Chronic stress conditions experienced by people from stigmatised groups have a significant impact on mental health.

Alarmingly, and counter-intuitively, given that healthcare settings are designed to be health supportive, empirical studies over a 40-year period show that obese people experience weight stigma and discrimination from an array of healthcare professionals.

It has been reported that 69% of doctors, 46% of nurses and 37% of dieticians report biased attitudes towards obese people.

These negative attitudes are even reported by those specialising in obesity management, who have been reported as describing them as lazy, stupid, non-compliant, lacking willpower and undisciplined.

Implicit weight bias among healthcare providers can have an impact on the level of support, care and empathy these obese people receive. Evidence indicates that physicians spend less time in appointments, provide less education about health, and have less respect for those with a higher body weight, and report that caring for them is a greater waste of time compared with thinner people.

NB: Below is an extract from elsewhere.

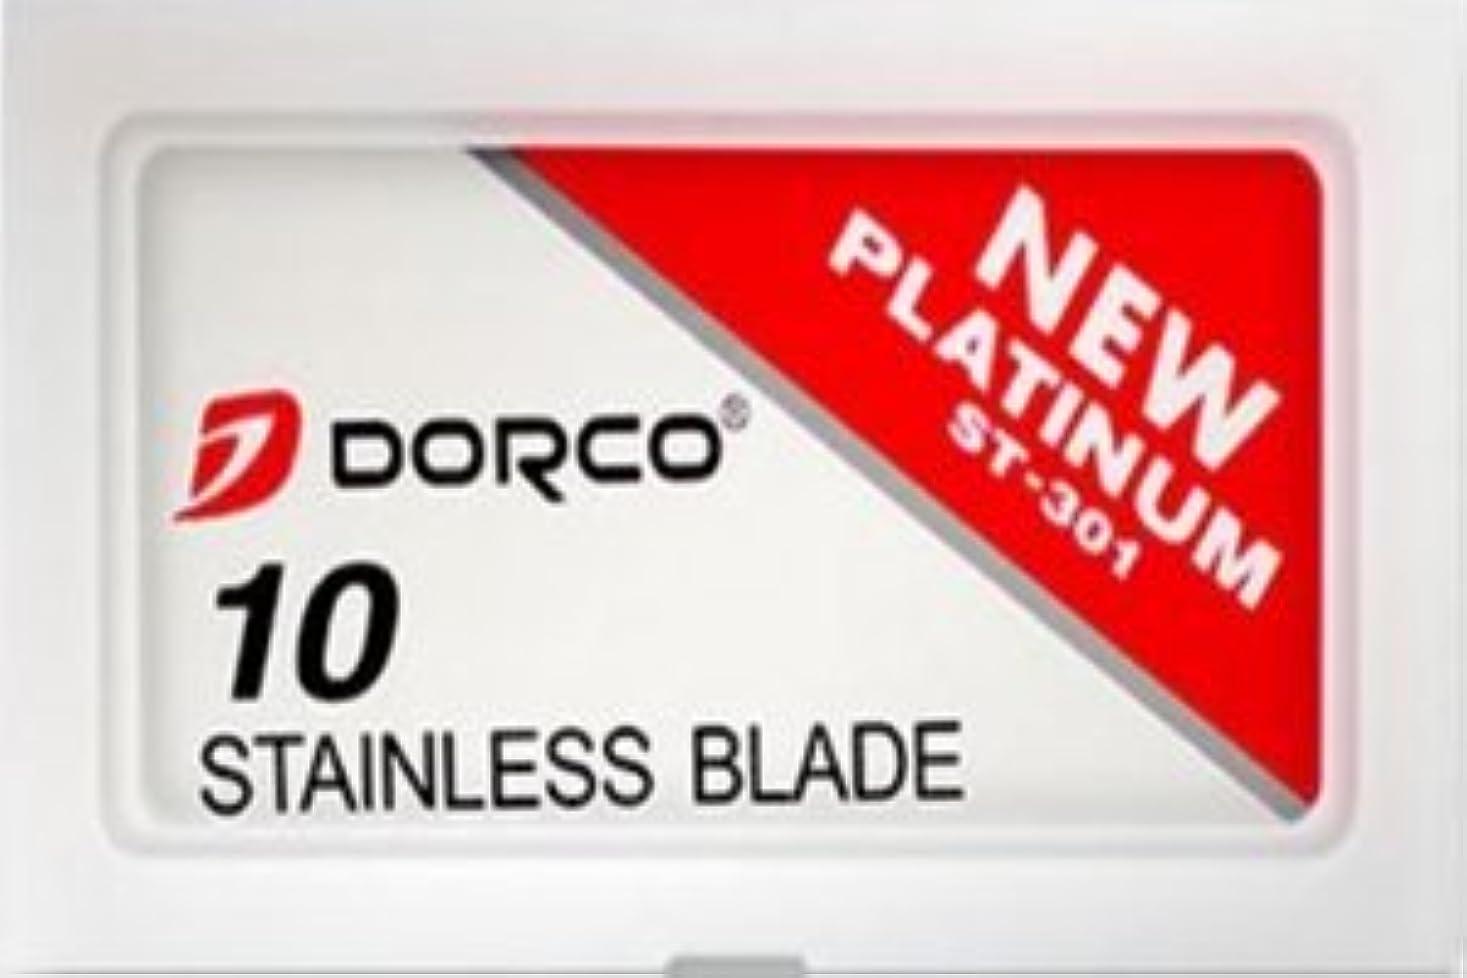 ビジネスアブセイ兵隊Dorco ST-301 Stainless 両刃替刃 10枚入り(10枚入り1 個セット)【並行輸入品】
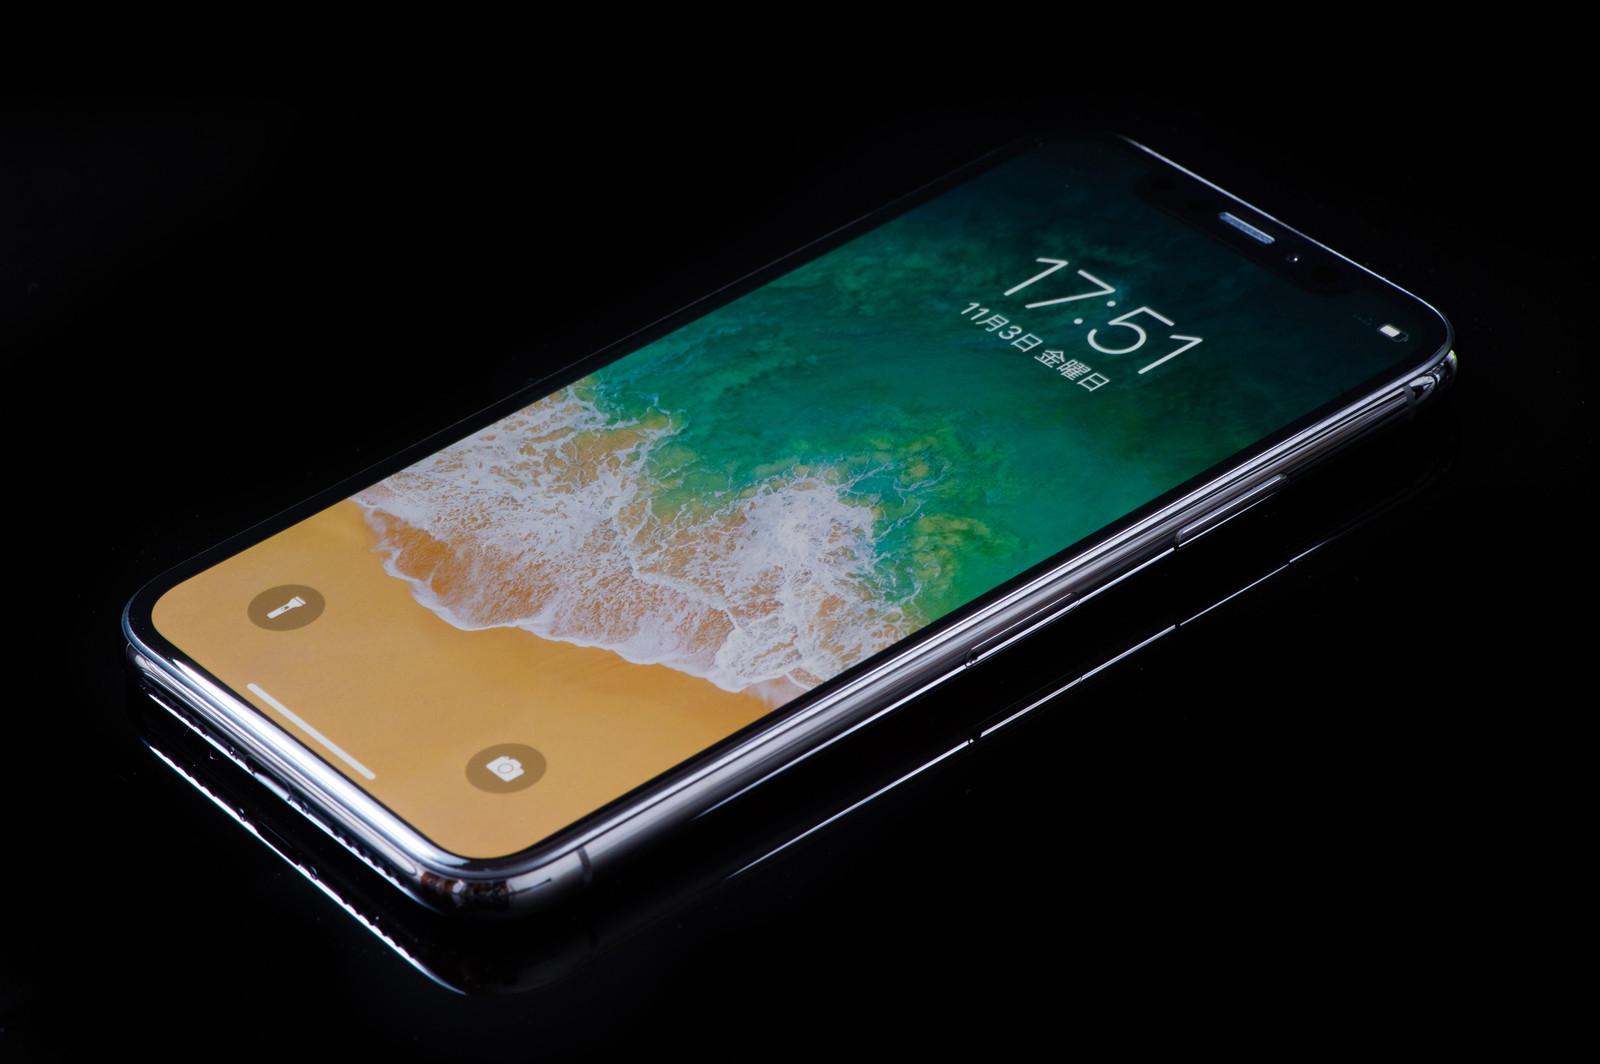 【スマホが重い時】iphoneの動作に影響するメモリ「RAM」の確認 ...

Acknowledgement of the detrimental effects of weight stigma in healthcare access and care provision is therefore key to understanding the impact of weight stigma on public health. In addition, there is a need for research that understands the role and impact of stigma in public health settings outside healthcare, reasons for the ambiguity identified among medical professionals, and whether it can be improved through improved education and professional guidelines.

Key to reducing weight bias, stigma and discrimination in healthcare settings is for the professionals themselves to be aware of their own attitudes and behaviours towards people with obesity.

Internalised weight bias is an important consideration for weight bias reduction strategies in healthcare.

For example, those with higher internalised weight bias report less weight loss, lower physical activity levels, higher caloric intake, greater disordered eating behaviours, and even greater cardiometabolic risk.

There is, therefore, a need for more research to better understand, and more effectively assess and reduce, internalised this bias

This is perhaps because behaviour change interventions may not be maximising their potential benefits by ignoring internalised weight bias. Health professionals are advised to address internalised weight bias within any obesity management strategy (i.e, self-compassion as a resource, inducing empathy and influencing controllability attributions, and careful and considered use of language and terminology).

More research also is vital to understand the prevalence and impact of weight bias, stigma and discrimination on care for obese people in South Africa.

There is a need for more research, beyond convenience or treatment-seeking groups, towards replication with more generalisable populations. The development and testing of novel interventions is also needed to reduce weight bias, or its impact on behaviour, in medical trainees, practising physicians, other health professionals, and other health staff.

This is a global phenomenon that needs urgent and aggressive intervention.

Also read:

The science of obesity

W May, JH Goeodeke and M Conradie-Smit write that the genetic and epigenetic variability among individuals influences how they self-regulate food and explains why not all people exposed to obesogenic factors develop obesity. Many genes have been linked to its development and more than 140 genetic regions are now known to influence obesity traits.

The regulation of appetite, body weight and energy balance is highly complex, governed by a network of hormonal signals from the gut, adipose tissue and other organs, as well as neural signals that shape eating behaviours. Many of these signalling pathways are disrupted in obese people.

Since body weight is homeostatically regulated, weight loss triggers physiological adaptations that promote weight regain. These include a decrease in energy expenditure, and hormonal changes that enhance appetite while reducing satiety.

Adipose tissue, they wrote, influences the central regulation of energy homeostasis, and excess adiposity can become dysfunctional, with production of pro-inflammatory cytokines and associated metabolic health complications.

Individual variations in body composition, fat distribution and function result in a highly variable threshold at which excess adiposity begins to negatively affect health.

They add that the brain probably plays the most important role in obese people and energy balance. A simple approach to understanding the neurobiology of these individuals may be to divide the brain into three main areas that regulate weight: the hypothalamus, the mesolimbic area, and the frontal lobe. Understanding the regulation of each area and the importance of the connections between these areas creates a greater understanding of obesity.

Prevention and harm reduction of obesity (clinical prevention)

Z Bayat, J Lubbe, M Conradie-Smit and W May recommend obesity prevention take place in settings that access whole populations or high-risk groups, and that primary care clinicians initiate discussion around weight gain early and contemplate interventions that consider its complex causes, providing guidance beyond ‘eat less and move more’.

Many medications are associated with side effects that can contribute to long-term weight gain, and the risks and benefits of these should be weighed up for each person before prescribing.

Excess pregnancy weight gain and post-pregnancy weight retention are significantly reduced with behavioural interventions, and clinicians should counsel women attending prenatal care not to exceed weight gain guidelines.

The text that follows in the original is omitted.